En 1933, Charlotte Beradt, une journaliste allemande et juive (qui deviendra par la suite la traductrice de la philosophe Hannah Arendt), accomplit un acte de résistance au régime nazi à la forme singulière. Elle commence en effet une collection de rêves de son époque, aidée par des amis qui interrogent à leur tour leur entourage sur leur vie nocturne. Elle collecte ainsi plus de 300 rêves entre 1933 et 1939, qu’elle emporte avec elle lors de son exil aux Etats-Unis. Elle considère ceux-ci comme des preuves historiques et sociologiques à charge lors du futur procès du IIIème Reich. Des preuves qui témoignent de la violence inouïe du totalitarisme, capable de re-modeler notre imaginaire dans sa forme même la plus intime et involontaire, et ce, ce façon collective. Un état totalitaire = qui nous possède, tous et toutes, totalement.

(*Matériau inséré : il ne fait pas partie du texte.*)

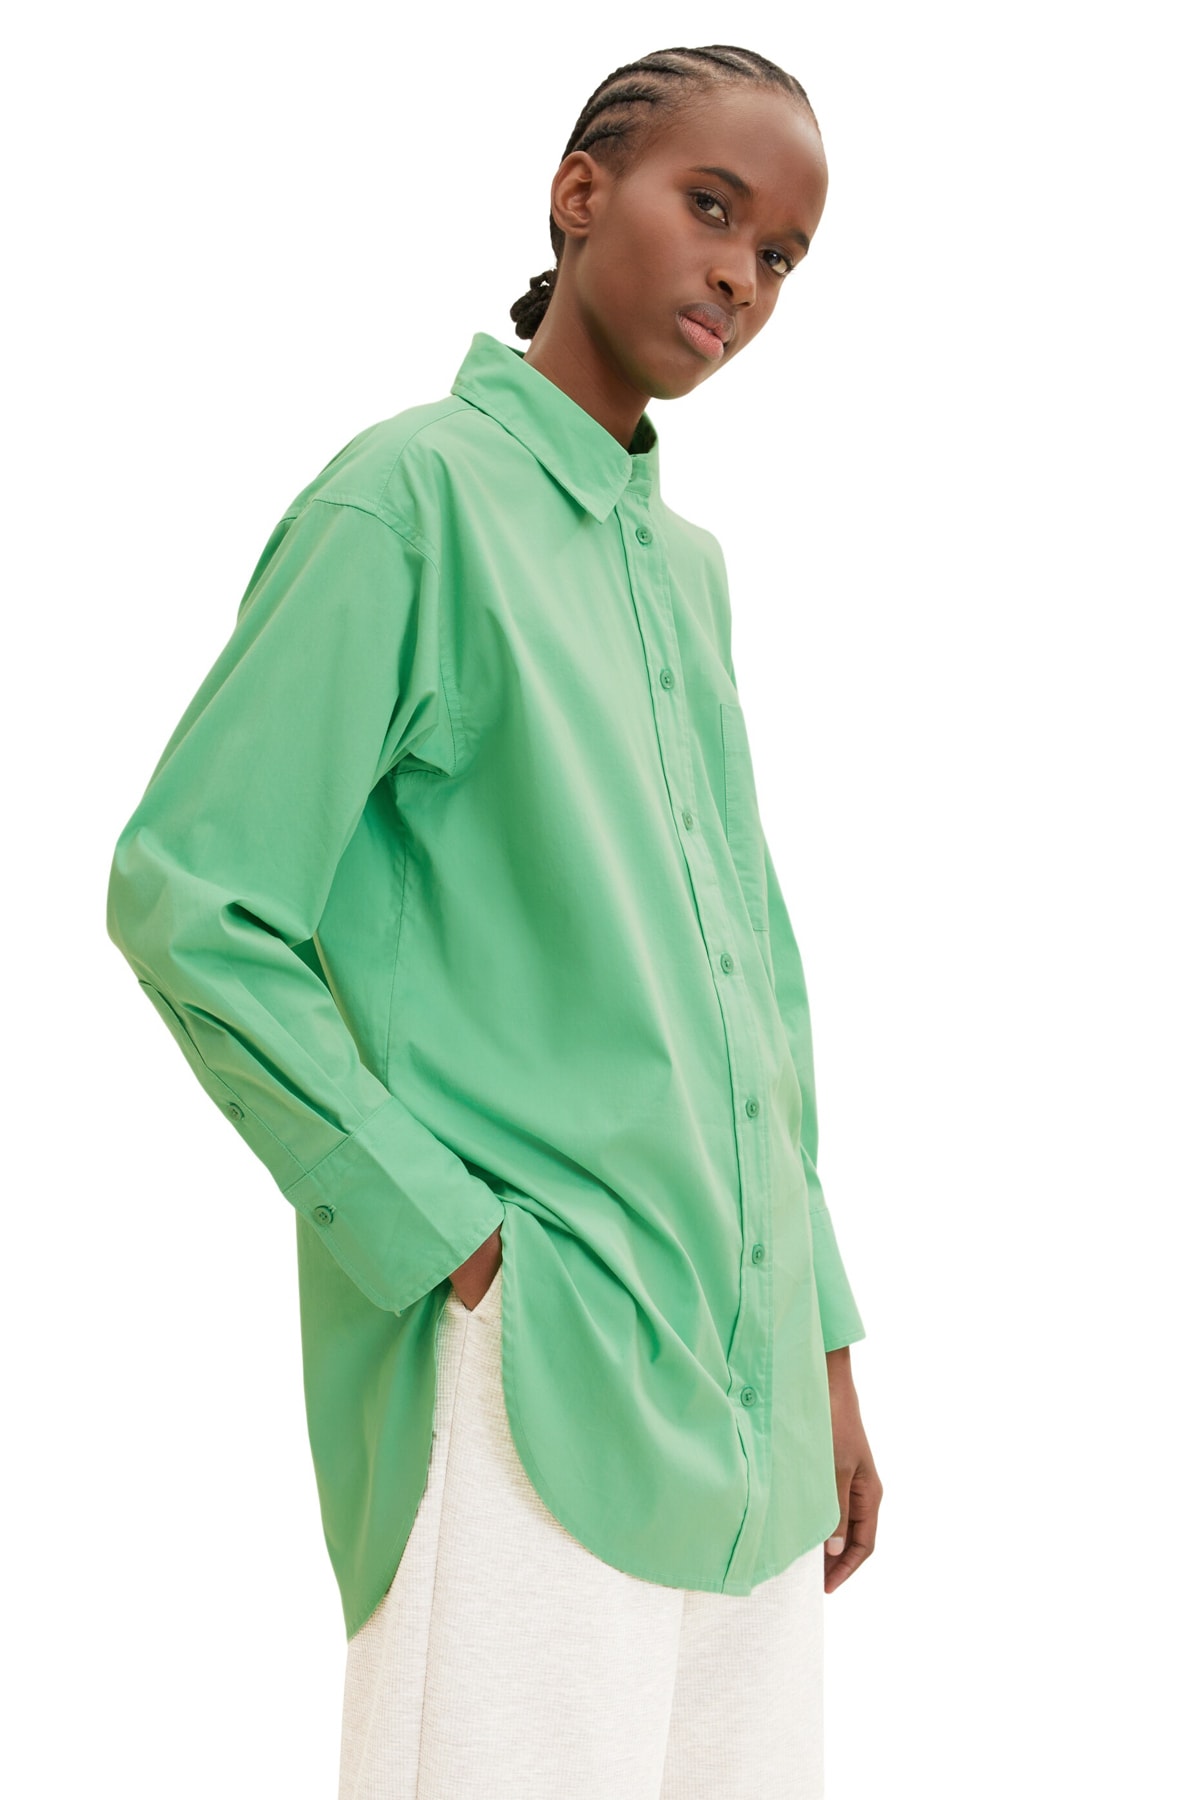 Tom Tailor Denim Bluse Grün Oversized Fast ausverkauft

Rêver l’époque - anatomie du crépuscule est un projet artistique antifasciste : il s’inspire de l’acte de résistance de Charlotte Beradt et s’inscrit dans sa suite. Nous collecterons donc les rêves de notre temps, cet entre-deux bizarre dans lequel on vit, celui de la nuit qui vient mais où l’espoir luit encore. Les rêves de nos contemporain.es seront nos matériaux pour composer un spectacle qui pose la question de l’inconscient collectif et du temps qui est le nôtre, en l’observant depuis le miroir déformé du monde onirique. Nous choisissons le lieu du théâtre pour ceci, celui de la communauté vivante, quand notre démarche est de positionner notre activité onirique, intime et singulière, comme politique, historique et collective.

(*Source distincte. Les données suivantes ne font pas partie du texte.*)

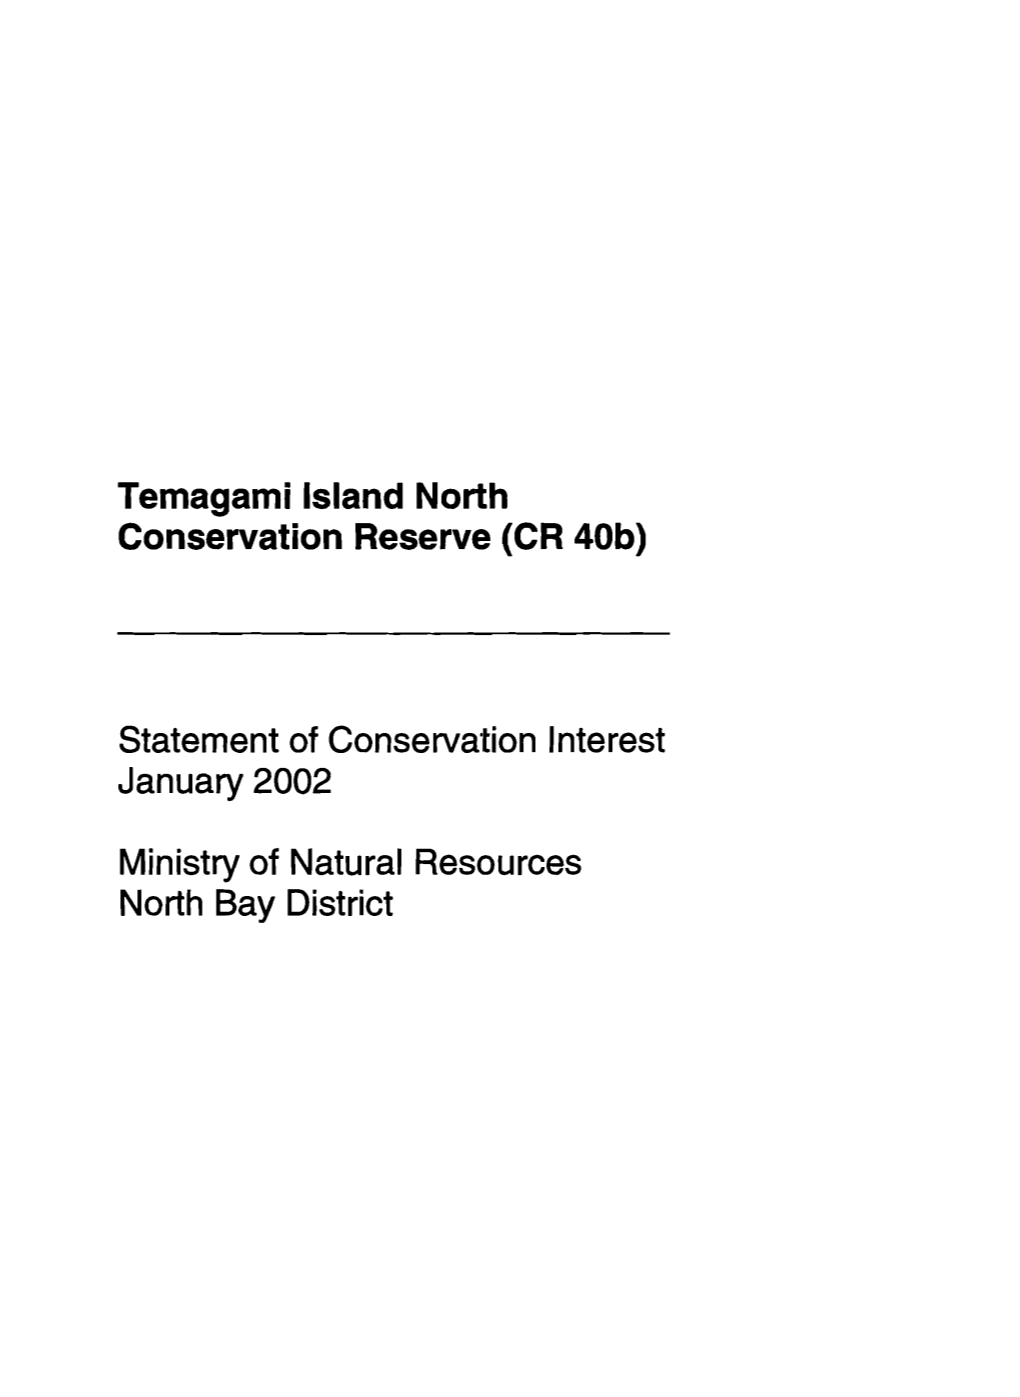 Conservation Reserve (CR 40B)

Les rêves collectés constitueront également une archive pour la postérité, sismographie de nos imaginaires involontaires entre 2025 et 2027.
Ce sera encore l’anatomie d’un départ qu’on interroge avec les publics, celui que l’on vit toustes :
celui de la montée du fascisme, du crépuscule à l’horizon mais également celui du bourgeonnement des résistances.
Un départ qu’on espère cette fois avoir un retour.
On rêvera l’époque comme on adresse des vœux au ciel pour qu’il ne soit jamais trop tard.